Supplied information -
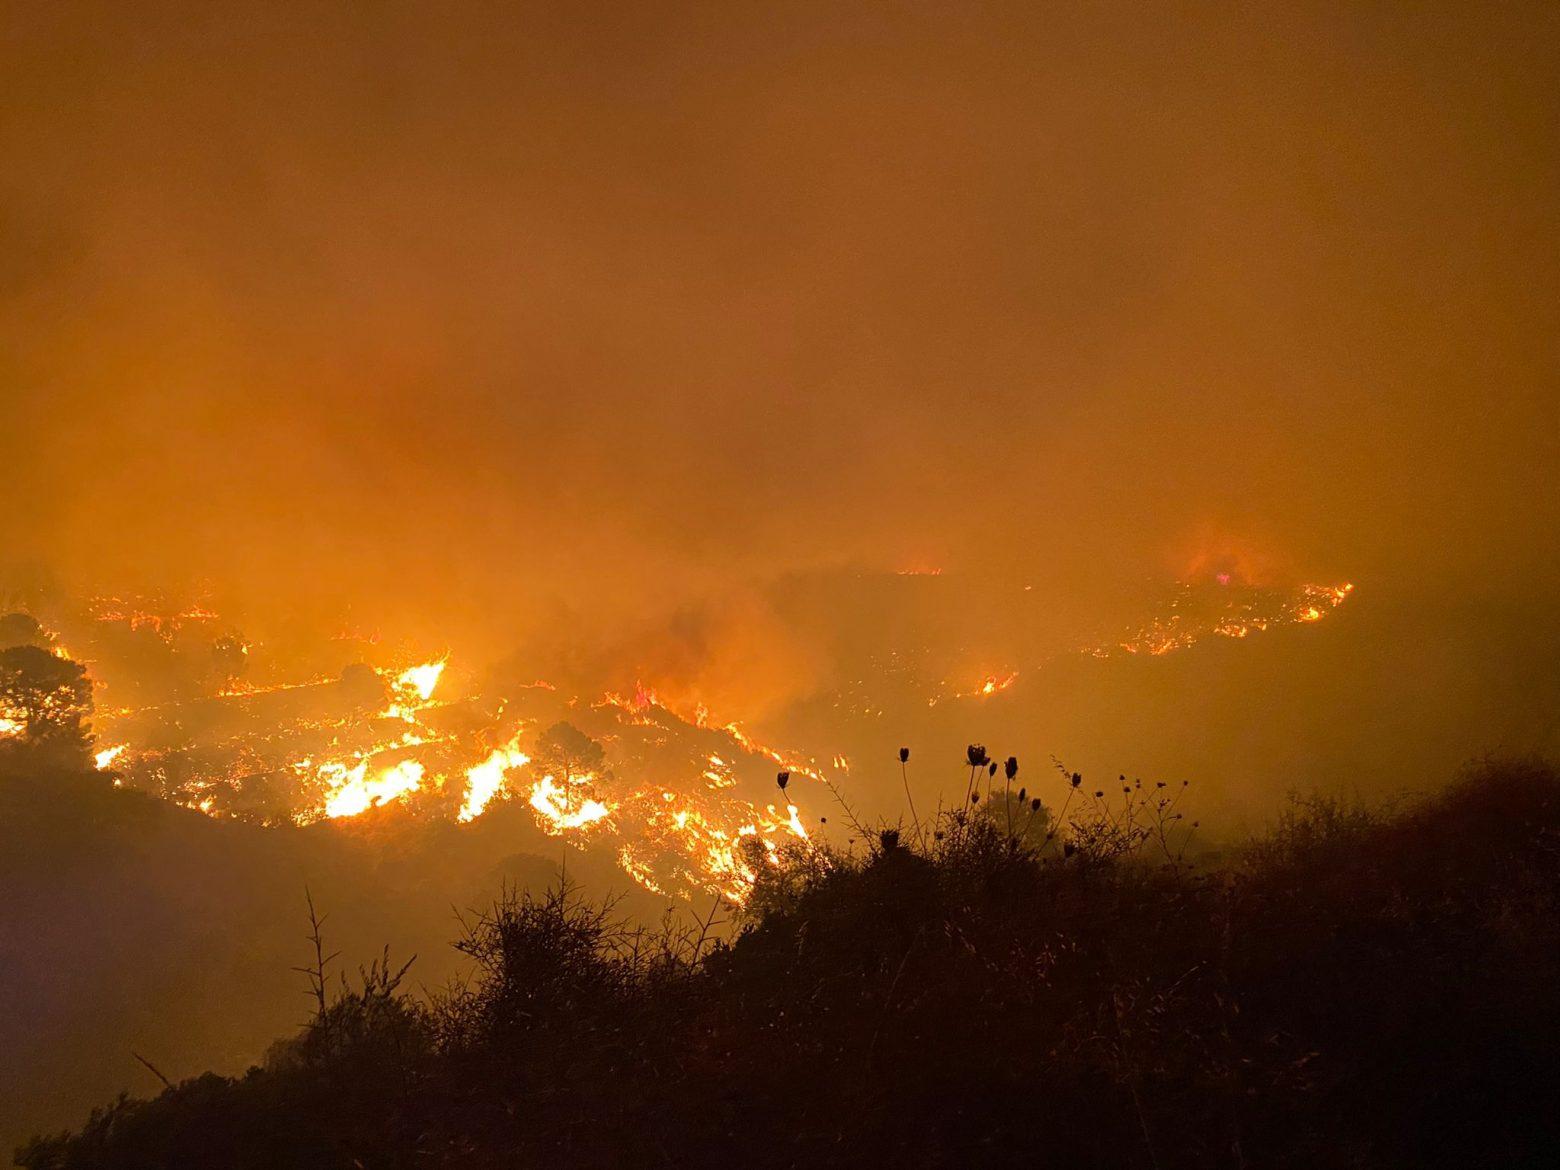 Ισπανία – Μεγάλη πυρκαγιά στο θέρετρο Εστεπόνα – 500 άνθρωποι εγκατέλειψαν τις εστίες τους
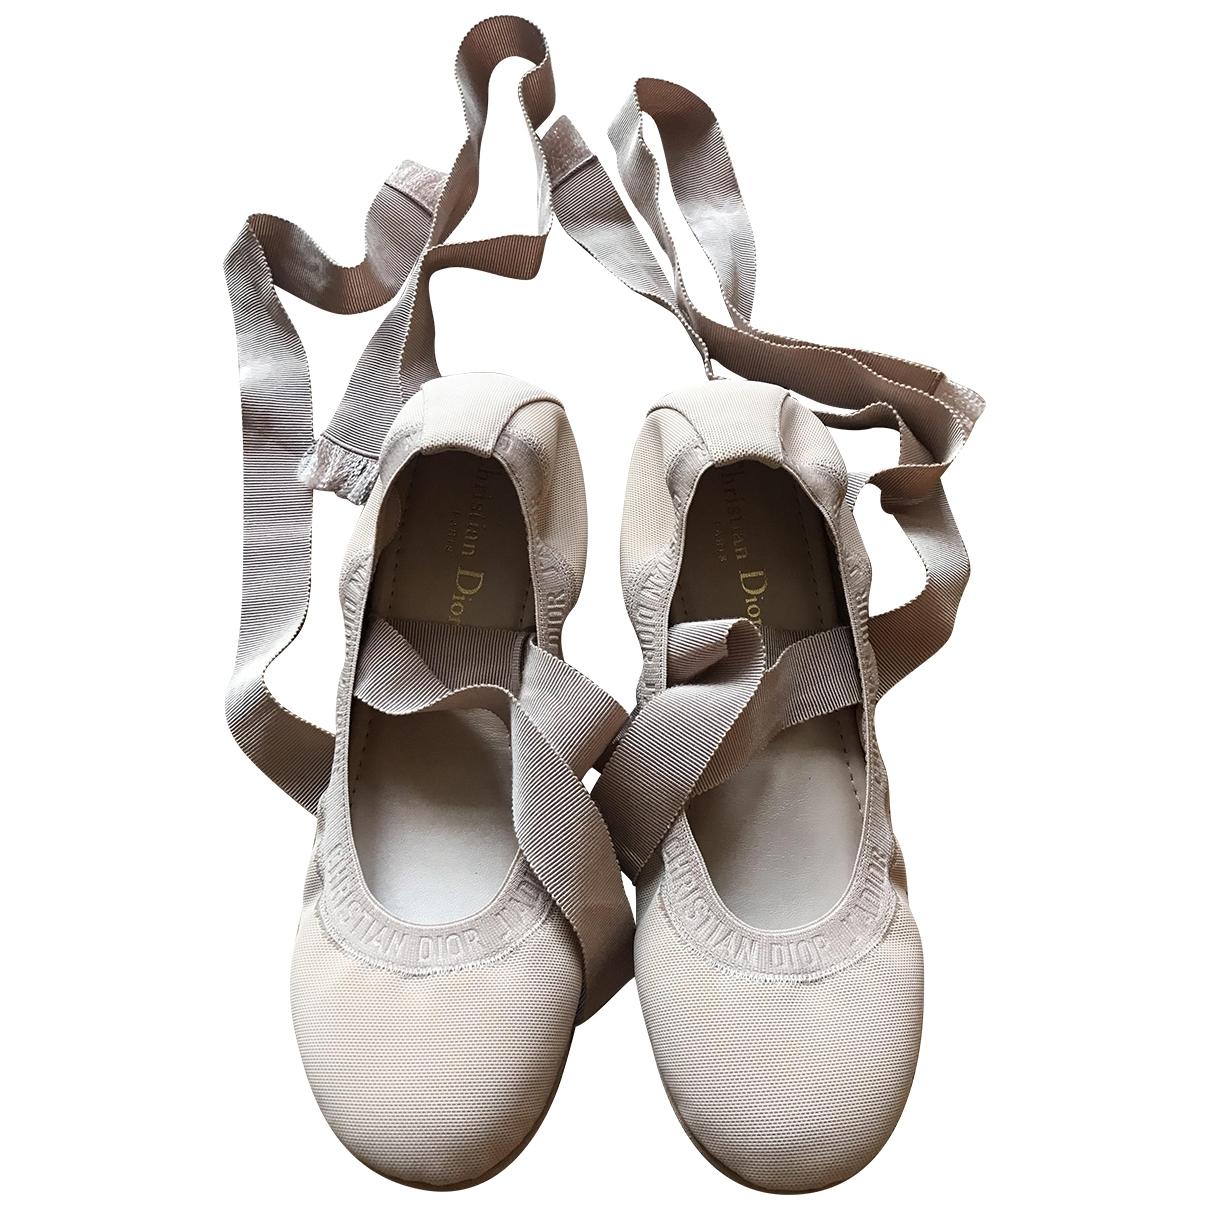 Bailarinas Ballet-D de Lona Dior
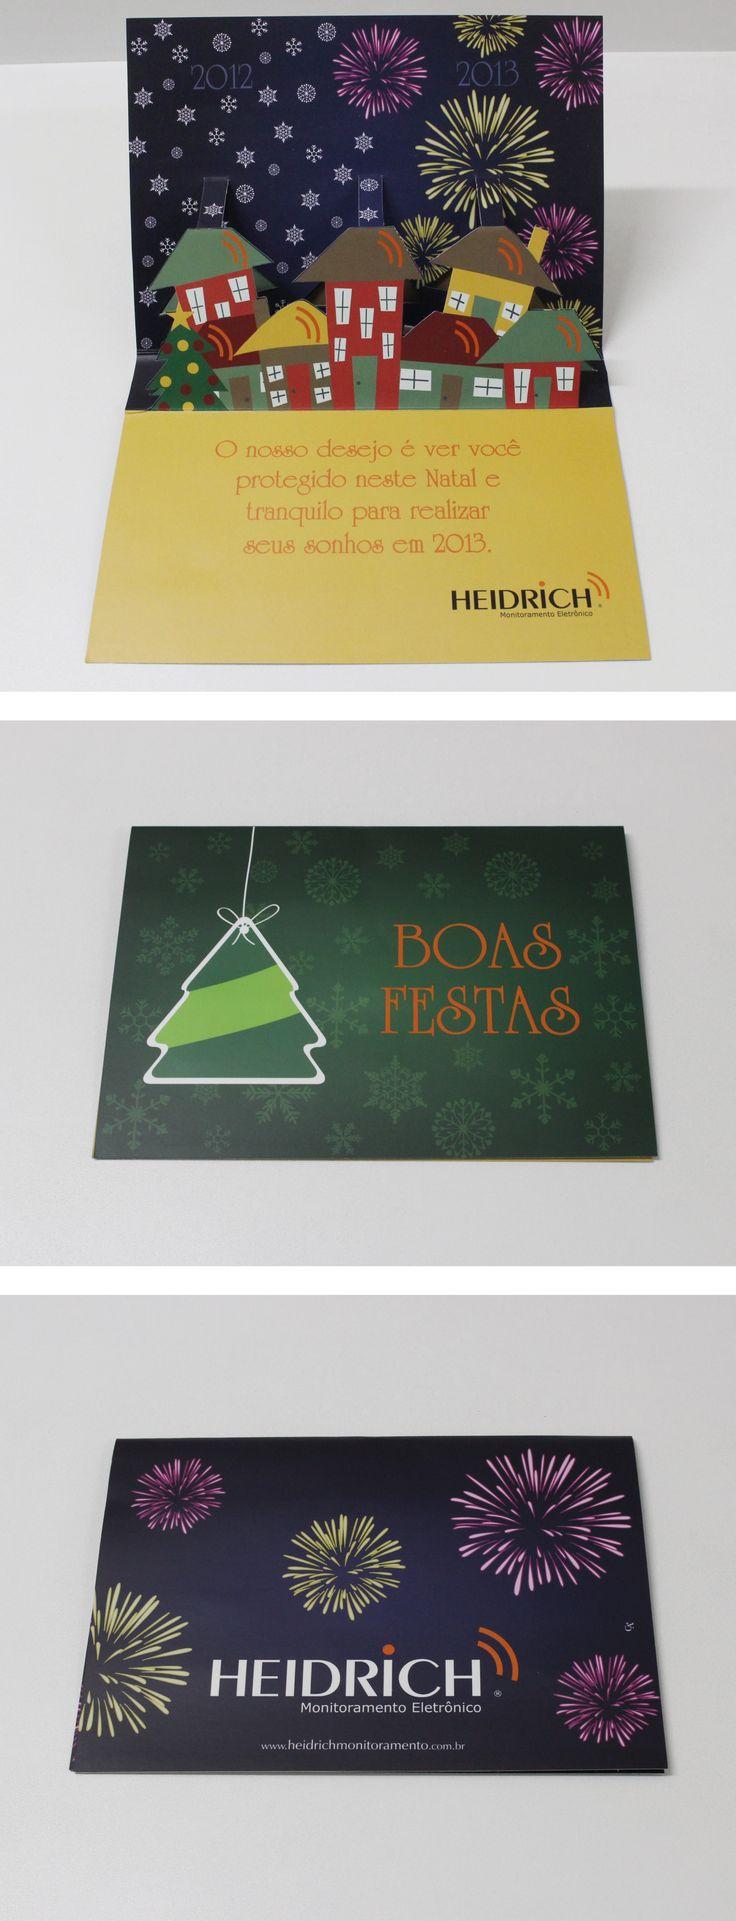 Cartão de boas festas criado pela Agência Conceito para o cliente Heidrich.

What the task asks - Print every line above once more, exactly. Omit the pictures.

Task solution -
 Ισπανία – Μεγάλη πυρκαγιά στο θέρετρο Εστεπόνα – 500 άνθρωποι εγκατέλειψαν τις εστίες τους
 Bailarinas Ballet-D de Lona Dior
 Cartão de boas festas criado pela Agência Conceito para o cliente Heidrich.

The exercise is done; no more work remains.